Todos hablan del amor, pero nadie ama.  Todos aman el ser amados, pero no aman.  El amor debe ser el ambiente real de los cristianos.  Lo que se encuentra entre algunos cristianos es una amistad superficial, desinterés, grupos de interés, crítica, y mucho mal hablar.  ¡Que diferente era Jesús! El Hijo de Dios amaba a los hombres, y les ayudaba donde ellos no se podían ayudar.  Jesús radiaba una simpatía poderosa porque amaba a los hombres. “Estas cosas os he hablado, para que mi gozo sea cumplido” (Juan 15:16).
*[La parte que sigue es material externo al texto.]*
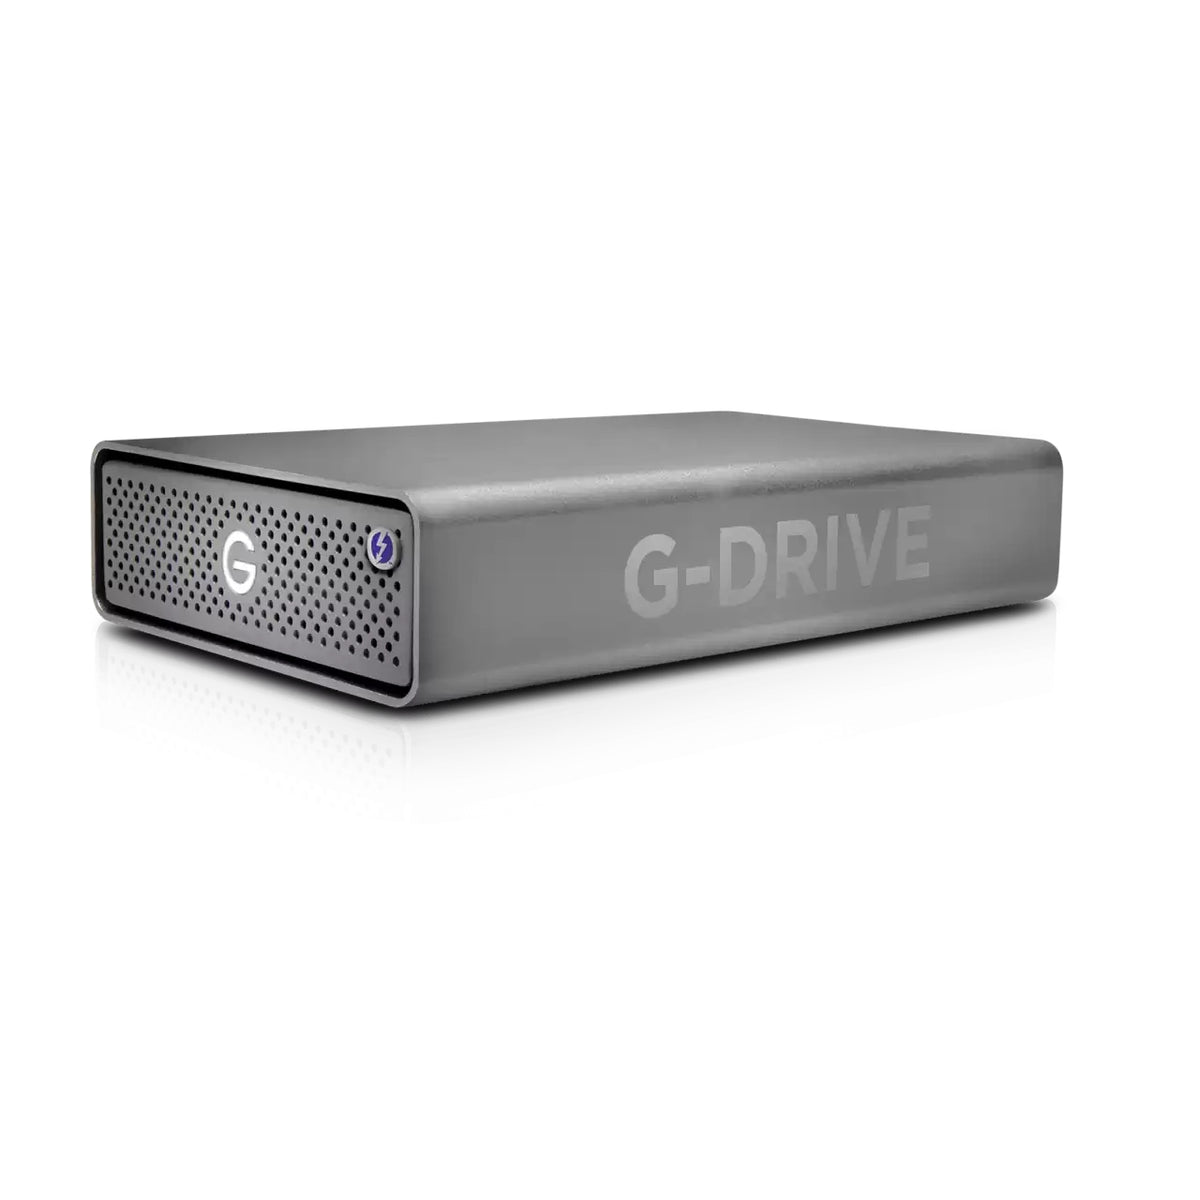 SanDisk Professional G-DRIVE PRO - Hard Drive - 18 TB - External (desktop) - USB 3.2 Gen 1 / Thunderbolt 3 (USB C Connector) - 7200 rpm - Space Gray

Si los hombres pudiesen hacer lo mismo; y si lo pueden hacer, si lo quieren, dar gozo, alegría, cariño, comprensión, y calor a sus semejantes.

 

La iglesia del Señor se ocupa profundamente en convertir seres humanos, pero una vez que están en la iglesia, reciben un ejemplo tan carente de amor y fraternidad que muchos se retiran al darse cuenta de la conducta verdadera de los cristianos.  Recordemos que la gran comisión (Mateo 28:18-20) no se limita a bautizar, y a hacer discípulos (aprendices de Cristo) sino también, y esto es de suma importancia, a “enseñarles que guarden todas las cosas que os he mandado.”  El mandamiento más grande es el amor. ¿Qué hacen los cristianos? Se ocupan de mera doctrina (que en sí es necesario también), sin hacer énfasis en lo más importante de todo: EL AMOR.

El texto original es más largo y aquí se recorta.